XXXIX. Prayer of a Pious Israelite in Distress.

Psalms 39:3. The poet, afflicted though he is, is silent in presence of the wicked, lest they should impugn or ridicule God's righteous government of the world. But silence is unendurable.

Psalms 39:1. Read, I will set a muzzle on my mouth (LXX).

Psalms 39:2. The LXX suggests a better text: I am bowed down with misery, I am far from welfare.

Psalms 39:4. The Psalmist begs God to teach him how brief, uncertain, and vain life is.

Psalms 39:5. Read, Surely every man standing firm is vanity (cf. mg.). But the text is evidently corrupt.

Psalms 39:7. The Psalmist, repeating his former complaints, prays for pardon and delivery.

Psalms 39:11. like a moth: cf. Job 4:19.

Psalms 39:12. The Psalmist is a stranger and settler; he is therefore under the Divine protection and is entitled to claim it.

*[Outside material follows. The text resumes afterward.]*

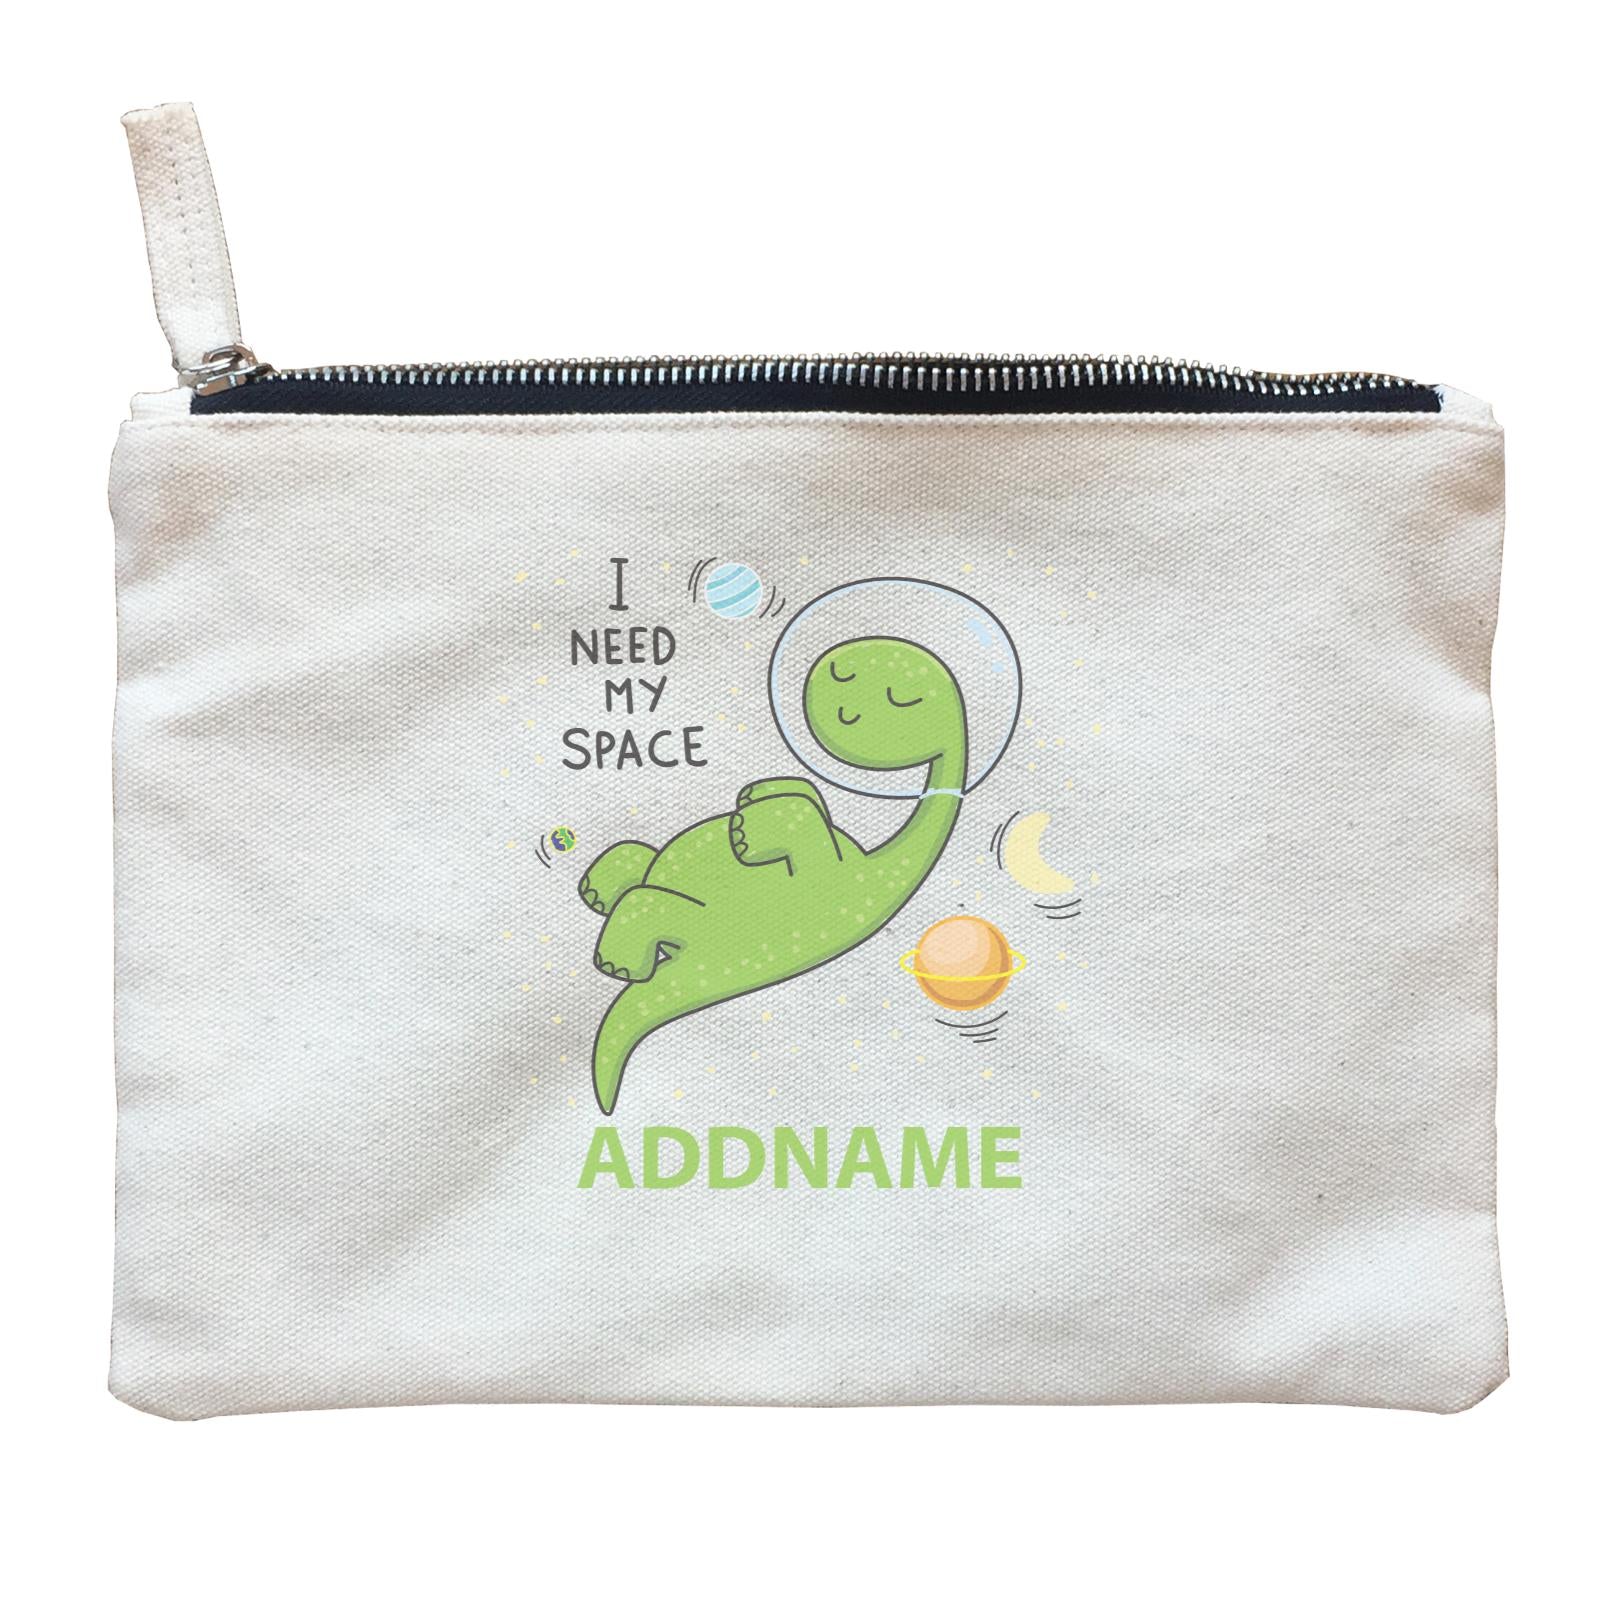 Cool Cute Dinosaur I Need My Space Addname Zipper Pouch

It has been maintained by Duhm that in this Ps. the author had the idea of conscious and personal immortality before him. He longs to know whether his life, or at least his full conscious life, is to cease with death, and asks God to teach him this mystery. Let me know whether I shall cease to be (Psalms 39:4 emended). But there is no clear indication that the Psalmist had any such question in his mind. The same scholar puts aside Psalms 39:8; Psalms 39:10; Psalms 39:12 f. as no part of the original poem. They are, no doubt, inconsistent with the rest of the Ps., as Duhm interprets it. In these the poet is busy not with thoughts of life after death, but with external adversity, and Psalms 39:13 takes for granted that death ends all. If we accept Duhm's interpretation, Psalms 39 would be one of the most interesting in the Psalter, because it would, in a very striking manner, prepare the way for belief in the immortality of the righteous. But Duhm's reasons are very precarious, and can be read into the Ps. only by the help of emendation. Surely if the question of immortality had occasioned the poet's perplexity, he would have expressed himself more clearly.